Suono indipendente con Gaia Cumetti
- Francesca Viapiana
- 8 apr
- Tempo di lettura: 6 min
Aggiornamento: 18 giu
Rubrica: Emergere
Gaia Cumetti è una giovanissima batterista e aspirante fonica. Suona per i Vision Division e per i Makka Pinkelton & The Great Sumo Slam. Attualmente lavora al Covo Club di Bologna e spera che nel mondo della musica ci sia sempre più spazio per giovani ragazze talentuose e volenterose come lei.

Raccontaci chi sei e la tua formazione.
Sono del 2002 e sono bergamasca, più precisamente di Carobbio degli Angeli, un paesello di 4000 abitanti in campagna; a casa ho otto capre, quindi, decisamente, non ho un background urban. Io e mia sorella gemella Lisa siamo le uniche nella famiglia che hanno deciso di dedicarsi a cose artistiche e culturali, però la musica è stata sempre presente a casa mia. Alle elementari i miei genitori mi hanno iscritto a un corso di tromba, anche se avrei voluto suonare il corno. Alle medie ho iniziato a suonare la batteria e ho avuto un insegnante che mi ha indirizzata verso il pop rock. Lui è stato uno dei primi ad aiutarmi a vincere la mia forte timidezza, spronandomi a suonare ai saggi di fine anno e ad unirmi ad un gruppo d’ensemble che suonava rock. Dopo il liceo, ho smesso di suonare e mi sono trasferita a Bologna con mia sorella. Senza esserci mai stata, avevo già il culto di Bologna come la città degli artisti di sinistra che suonano per terra: mi sembrava essere il mio mondo. Lì ho studiato al DAMS dove mi sono laureata con una tesi sulla musica nell’audiovisivo. Il DAMS ha il difetto di essere solo teorico e di non aiutarti a mettere in pratica quello che hai imparato, però la cosa più preziosa che mi ha dato è stata la rete di conoscenze e amicizie con passioni affini alle mie.
Invece com’è stato il tuo percorso da batterista a Bologna?
Un po’ per caso, grazie a conoscenze e incontri fortuiti, sono entrata a far parte di due gruppi indipendenti in cui suono la batteria, i Vision Division e i Makka Pinkelton & The Great Sumo Slam. Il frontman del primo gruppo è Giorgio Drago che ha avuto molta fiducia in me, nonostante fossi molto insicura. Posso dire che per me queste esperienze sono state un percorso di liberazione da molte mie paure e di affermazione del mio potenziale. Sono diventata molto più sicura, anche se quando vedo altri gruppi tendo sempre a mettermi a confronto con lə batterista, soprattutto dal punto di vista tecnico, però a quanto pare, per fortuna, ai miei gruppi piace come suono.

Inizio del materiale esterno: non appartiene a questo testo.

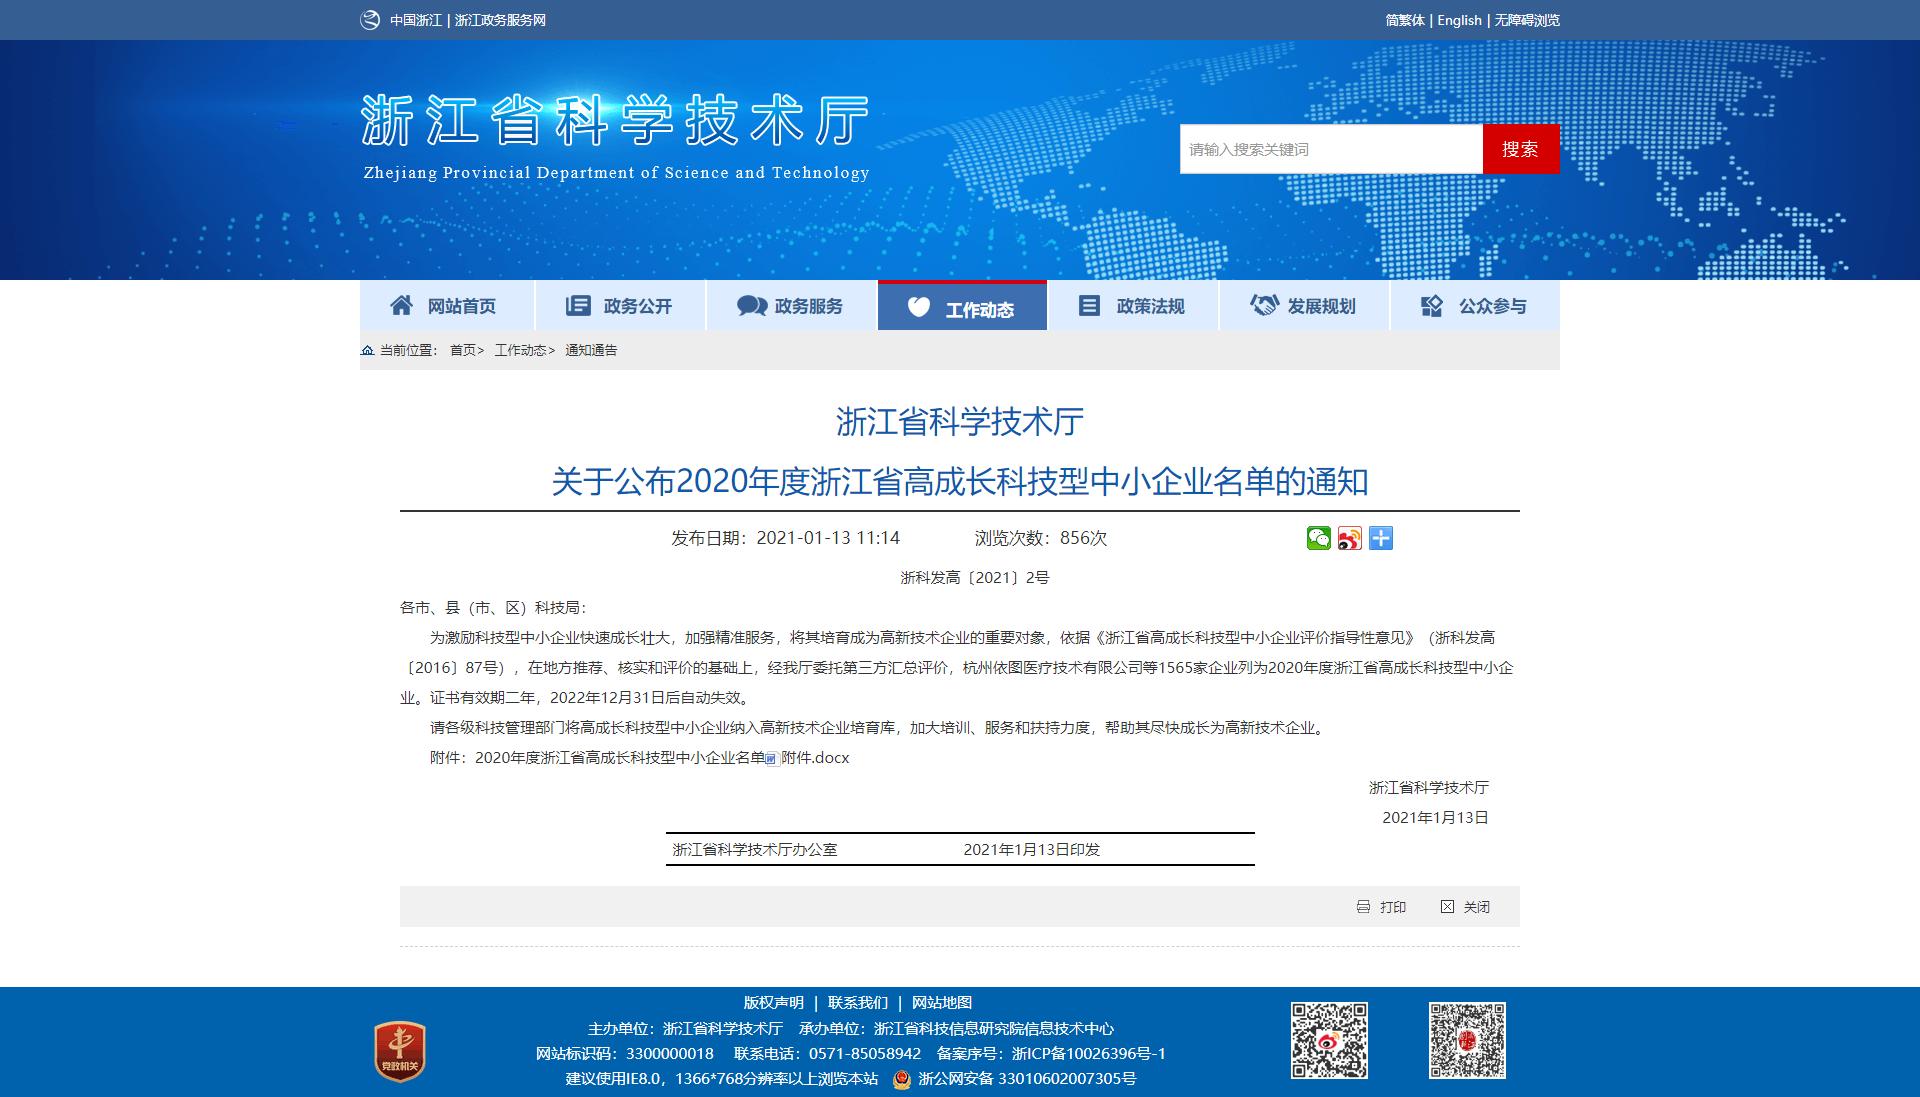 浙江省科學技術廳 關于公布2020年度浙江省高成長科技型中小企業名單的通知.png

Senti quindi di essere molto cresciuta grazie a queste esperienze?
Sì e una cosa che non mi sarei mai aspettata di sbloccare è stata la mia voce. Ho sempre cantato esclusivamente in solitaria, sotto la doccia, facendo attenzione a non essere sentita. Un giorno, per caso, durante le prove dei Vision Division, proviamo a fare dei cori per una canzone e Giorgio rimane sorpreso dalla mia voce intonata. Da lì, ho acquisito la libertà di cantare in pubblico e, in una delle ultime prove, Giorgio mi ha anche chiesto di cantare in un pezzo. Mi piace molto l’idea di unə batterista che canta perché non se ne vedono moltə. Per questo, devo ringraziare molto Giorgio che mi ha sempre spronata e mi ha insegnato ad essere più sicura.
Com’è per te il momento del live?
Prima di venire a Bologna non avevo mai suonato realmente davanti ad un pubblico, quindi per me è molto strano, ma mi dà una carica assurda. Ora non ho nemmeno così tanta ansia, forse perché sono contesti piccoli o forse perché sono all'interno di un gruppo e con loro mi sento sempre a casa. Una volta che superi la paura, diventa molto divertente perché il live è il regno dell’imprevedibilità: possono capitare degli inceppi, come dei momenti particolarmente buoni che gasano te e il pubblico. È chiaro che all’inizio sono più fredda, poi ci si scambiano sguardi e sorrisi, oppure capita che riconosco qualcuno nel pubblico che è venuto a sentirmi suonare: così mi sciolgo velocemente e riesco a godermi totalmente il momento.
Attualmente lavori al Covo Club, un locale bolognese. Come ti trovi e come ti sei avvicinata a loro?
Sì, al Covo avevo suonato con i Vision Division e con Giorgio eravamo andati a chiedere la registrazione del live. Abbiamo parlato con il fonico, Enrico Guidi, detto Gnappo, e gli ho chiesto se per caso prendessero dei tirocinanti e lui si è mostrato incredibilmente disponibile. È stata un’occasione d’oro perché mi ha insegnato molte cose del suo mestiere e, finito il tirocinio, mi hanno assunta e ora sto diventando sempre più sciolta nel lavoro tecnico. Mi piace molto l’ambiente perché posso conoscere persone interessanti e apprendere tanto, ma soprattutto perché ci sono persone molto genuine.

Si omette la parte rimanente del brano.